Commentary|Videos|December 9, 2025

Camizestrant-Related Photopsia Mostly Mild, Nondisabling in Patients With Advanced Breast Cancer: Adam Brufsky, MD, PhD

Fact checked by: Christina Mattina

Photopsia associated with camizestrant was mostly mild, nondisabling, and reversible, according to Adam Brufsky, MD, PhD, at SABCS 2025.

Results from the phase 3 SERENA-6 trial (NCT04964934), presented earlier this year at the American Society of Clinical Oncology Annual Meeting, showed that switching to camizestrant (AstraZeneca) when an ESR1 mutation is detected during first-line therapy can help slow cancer growth in patients with hormone receptor (HR)–positive, HER2-negative advanced breast cancer.

As a follow-up, investigators explored the impact of photopsia on patients. This effect of seeing flashes, sparks, or streaks of light was the most commonly reported nonhematological adverse event.

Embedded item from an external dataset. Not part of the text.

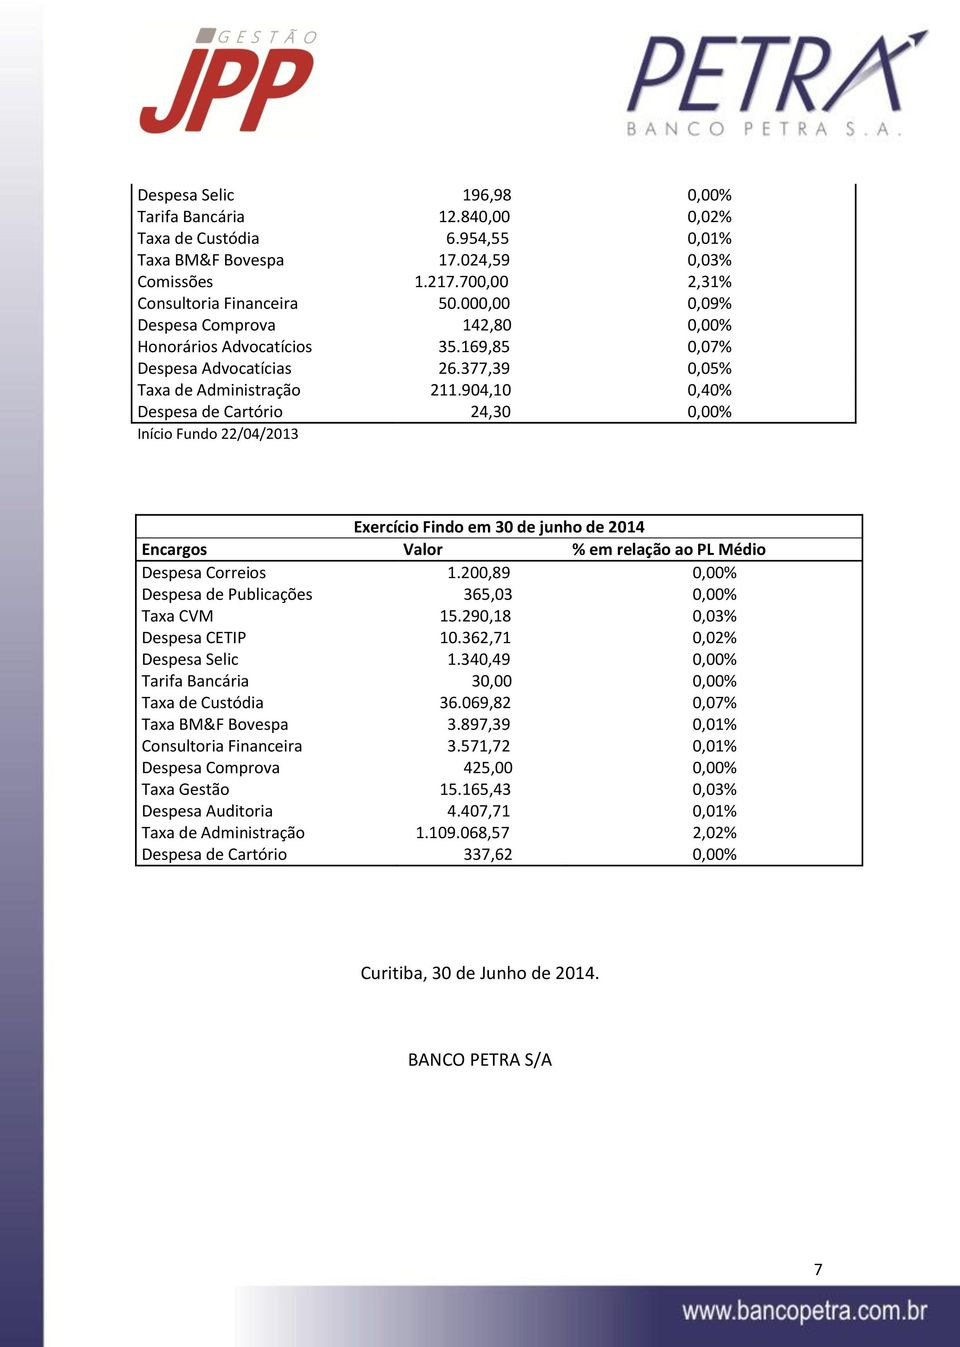 904,10 0,40% Despesa de Cartório 24,30 0,00% Início Fundo 22/04/2013 Exercício Findo em 30 de junho de 2014 Encargos Valor % em relação ao PL Médio Despesa Correios 1.

Their findings are detailed in a poster titled “Visual Functioning and Characterization of Visual Effects From SERENA-6, a Phase 3 Study of Switch to Camizestrant (CAMI) From Aromatose Inhibitor (AI) While Continuing CDK4/6 Inhibitor (CDK4/6i) at Emergence of ESR1 Mutations (ESR1m) During First-Line Therapy for Patients With HR+/HER2- Advanced Breast Cancer (ABC)," to be presented at the San Antonio Breast Cancer Symposium this Friday by Adam Brufsky, MD, PhD, professor of medicine at the University of Pittsburgh School of Medicine.

Ahead of his presentation, Brufsky discussed the poster’s findings in an interview with The American Journal of Managed Care®.

This transcript has been lightly edited for clarity; captions were auto-generated.

Transcript

For context, could you summarize the SERENA-6 trial findings, particularly the impact of switching to CAMI from AI while continuing a CDK4/6 inhibitor?

SERENA-6 was a very interesting trial. What happened is that patients who are on a CDK4/6 and an aromatase inhibitor [AI] were tested for the emergence of an ESR1 mutation, generally by Guardant360. If an ESR1 mutation became apparent, then they had a CT scan of the chest, abdomen, and pelvis to see if they had any disease.

If they had no evidence of disease but an emergent ESR1 mutation, they were randomized to continue the AI and CDK4/6 or be switched to camizestrant [CAMI], which is a novel SERD [selective estrogen receptor degrader], and the CDK4/6 inhibitor.

What happened in that trial is that the progression-free survival [PFS] in the camizestrant arm of that study was about probably 300 patients, a little over 300 patients, randomized. In the camizestrant arm of the trial, there was a PFS of about 16 months vs about 9 months for the continued aromatase inhibitor [arm]. Even the second PFS, which was called PFS 2, after they progressed, either on CAMI or the AI, also was better. The most interesting thing over the trial was that the quality of life of the patients who remained on AI and CDK really substantially decreased, whereas it was maintained on camizestrant.

I think this is really the first evidence that using molecular progression, or molecular changes, to change therapy in metastatic breast cancer is a viable strategy. Again, based on the FDA approval of camizestrant, it could potentially be a practice-changing trial.

As you know, photopsia was the most commonly reported nonhematological adverse event. With this in mind, what was the objective of this analysis?

Again, the most common side effect that's, in a way, unique to camizestrant—it's seen a little bit in some of the other SERDs—is photopsia, which is kind of a feeling of bright flashing lights at the edges of your vision. We did extensive quality-of-life testing in SERENA-6, and we're presenting in a poster this year in San Antonio the results of the visual quality of life testing.

I think it's important to know, because I think clinicians who are going to use camizestrant in clinical practice really want to know, are these disabling side effects? Are they something that needs to be brought into the equation when you're thinking about giving someone camizestrant vs another oral SERD or an aromatase inhibitor?

Can you summarize the key findings?

About 20% of the women did have some photopsia. It was mostly grade 1. It really was not disabling at all. We actually did various scope scales and asked the women directly, is this disabling in your life? For the vast majority of people, it was not. It was reversible in just about everybody. It was consistent with some of the phase 2 trials of camizestrant done in the past. There's nothing really new.

The bottom line here is that the photopsia, while a little bit more frequent than [in] the control arm—interestingly enough, there was photopsia in the control arm—by simple visual subscales, by visual parts of patient-related outcome scales, really, by just about every way you could analyze it, the vast majority of these events, which were not incredibly frequent, were grade 1 and nondisabling. That would give everybody comfort at the end of the day, if we're going to use camizestrant, that the photopsia and visual side effects in the real world are not going to be substantial.